今天,2020年6月14日,标志着Workingman’s Dead发行50周年。为了庆祝这个特别的日子,我们发布了我们<а href="https://anthology.vinylmeplease.com/collections/anthology/products/vmp-anthology-grateful-dead?gclid=EAIaIQobChMIhvfZwfD86QIVqopaBR0JDgMqEAAYASAAEgJe9vD_BwE">Grateful Dead Anthology中包含的内页书摘,书中包含当代音乐人物关于该系列中八张专辑及其对他们生活和音乐方法的影响的文章。以下是Dirty Projectors乐队的Dave Longstreth对Workingman's Dead重要性的评论。
照片由Herbie Greene提供。
《Workingman’s Dead》的故事在于它是从Grateful Dead早期作品的巴洛克风格、酸性风格的迷幻音乐,转变为泛黄的美国乡村音乐。这是1966年至1970年间的一批唱片之一——包括John Wesley Harding、Sweetheart Of The Rodeo、Beggars Banquet、Let It Be等——放弃了60年代中期的涡纹和鼠尾草,转向了带有乡村、根源、民谣和蓝草色彩的声音。这是为走出城市回归土地而创作的音乐——正如加西亚对罗伯特·亨特所说的“工人的音乐”。

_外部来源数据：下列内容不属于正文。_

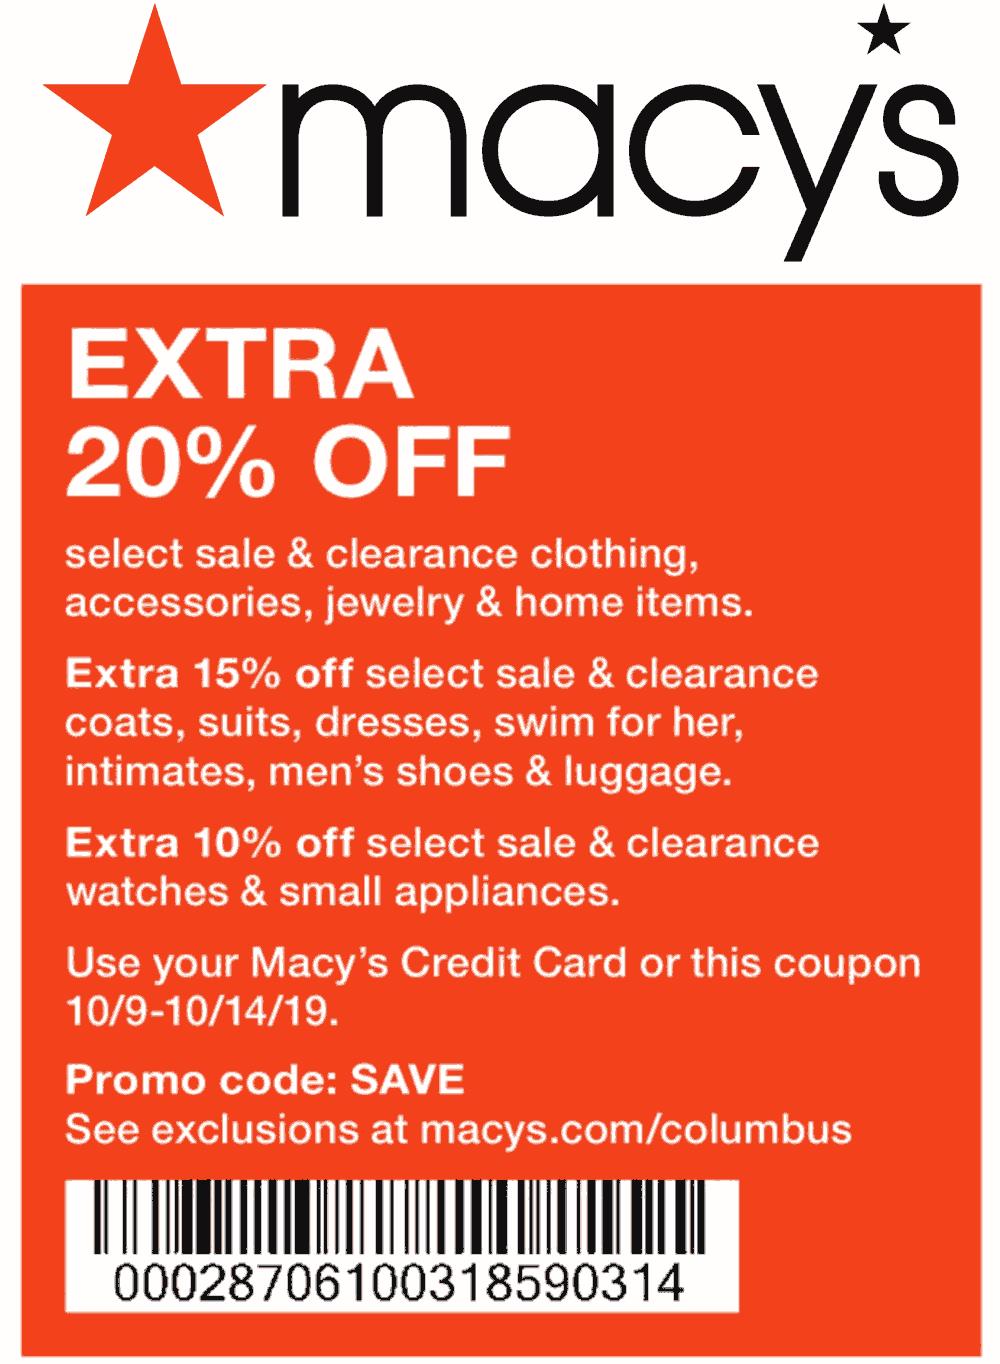 Macys Coupon January 2020 Extra 20% off at Macys, or online via promo code SAVE

我父母那本旧旧的、破旧的Workingman’s Dead专辑在我小时候一直在我们家不停地播放:是用来洗碗和抚摸狗的音乐。在我意识到这张专辑是一个波西米亚文化的“圣经”之前,我花了很长时间来理解它的地位:那是一种回归土地的圣杯。或许是他们六十年代激进身份的最后一次激进行为,我的父母在1973年从旧金山湾区搬到了纽约上州——他们在那里在Fillmore看过几次Dead——开始了一小片农场。除此之外,他们在某种程度上遵循着Workingman’s Dead的手册。

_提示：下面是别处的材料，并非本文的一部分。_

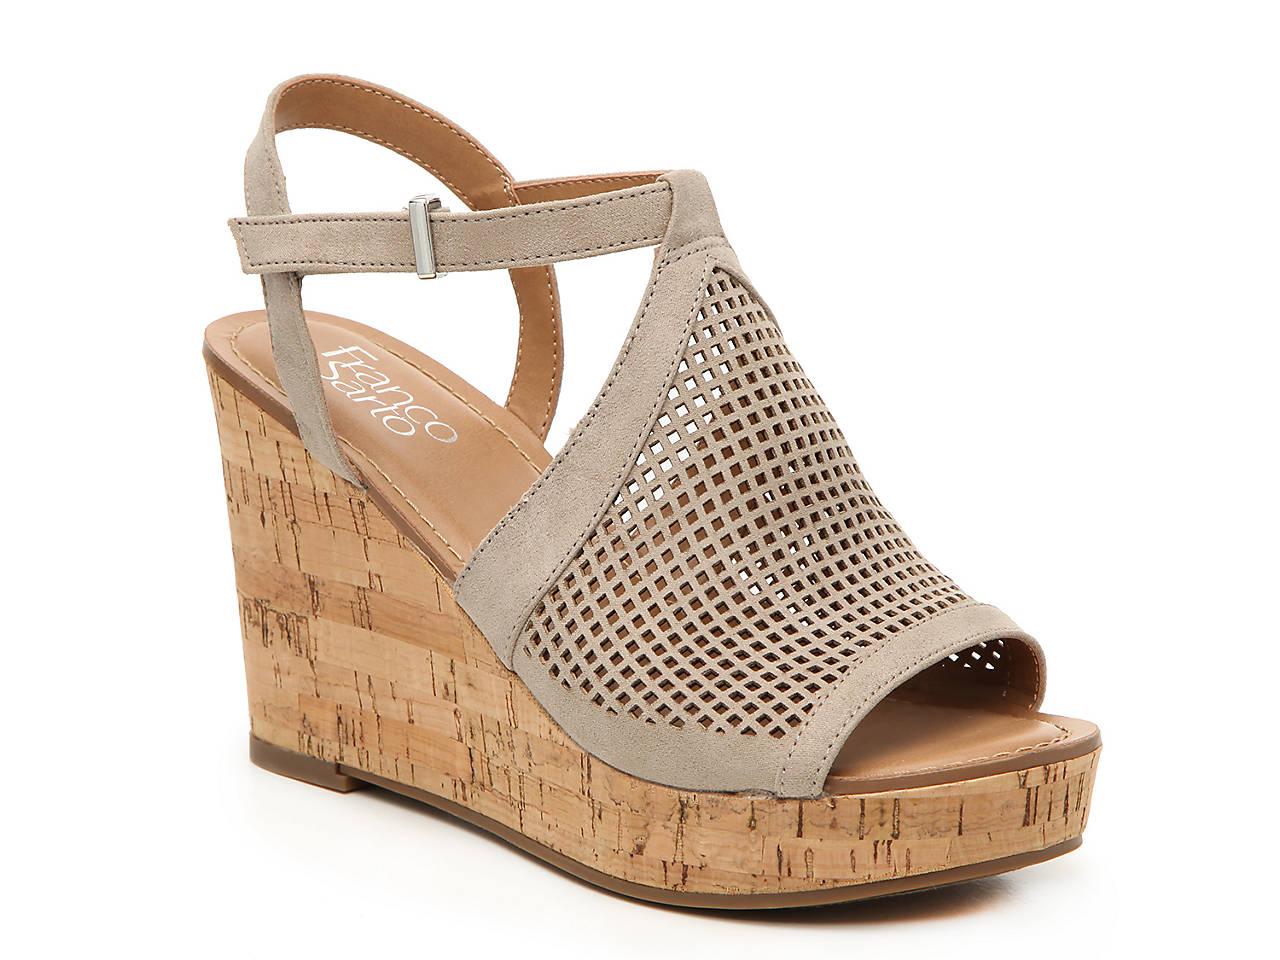 6e2028ceab Franco Sarto Canyon Wedge Sandal Women s Shoes

所以,60年代末和70年代初的湾区的涡纹和鼠尾草是我神话般的前史。泛黄的美国乡村音乐是我和我哥哥的起点。想想我29岁的时候——比Jerry制作这张专辑时大了一岁——我也搬到了纽约上州的一个偏远地区,制作Dirty Projectors自己的返璞归真的专辑Swing Lo Magellan。对我来说,这似乎表明了Workingman’s Dead的根既向过去深扎,也向未来延伸。
明确一个原型的形成,几乎是专辑更高的成就没有了!
Workingman’s Dead因多种原因而是一张伟大的专辑。从创新的电钢琴和踏板钢琴所带来的紫色山脉的壮丽(“High Time”,“Dire Wolf”)到荒诞的趣味夸张(“New Speedway Boogie”,“Easy Wind”)和灵活的平舌拨弦与班卓琴(“Cumberland Blues”),这张专辑是一个吉他的国度。而且,我就是喜欢Jerry在“Casey Jones”和“High Time”中通过Leslie旋转音箱的Stratocaster的声音。
这些歌曲在和声上是不正统的,和声进程既具音乐性又富有灵感。“Uncle John’s Band!”的意外小调结尾!“High Time!”中间不约而同的调变化!“Black Peter”中的九和弦,几乎像萨蒂的节奏动作!而且,就算这张专辑都显得太音乐化,它也呈现出自身的阴阳:每当像“Dire Wolf”的桥段那样好得没法重复的迷宫出现时,就会有像“Easy Wind”那样的两和弦的布鲁斯演绎。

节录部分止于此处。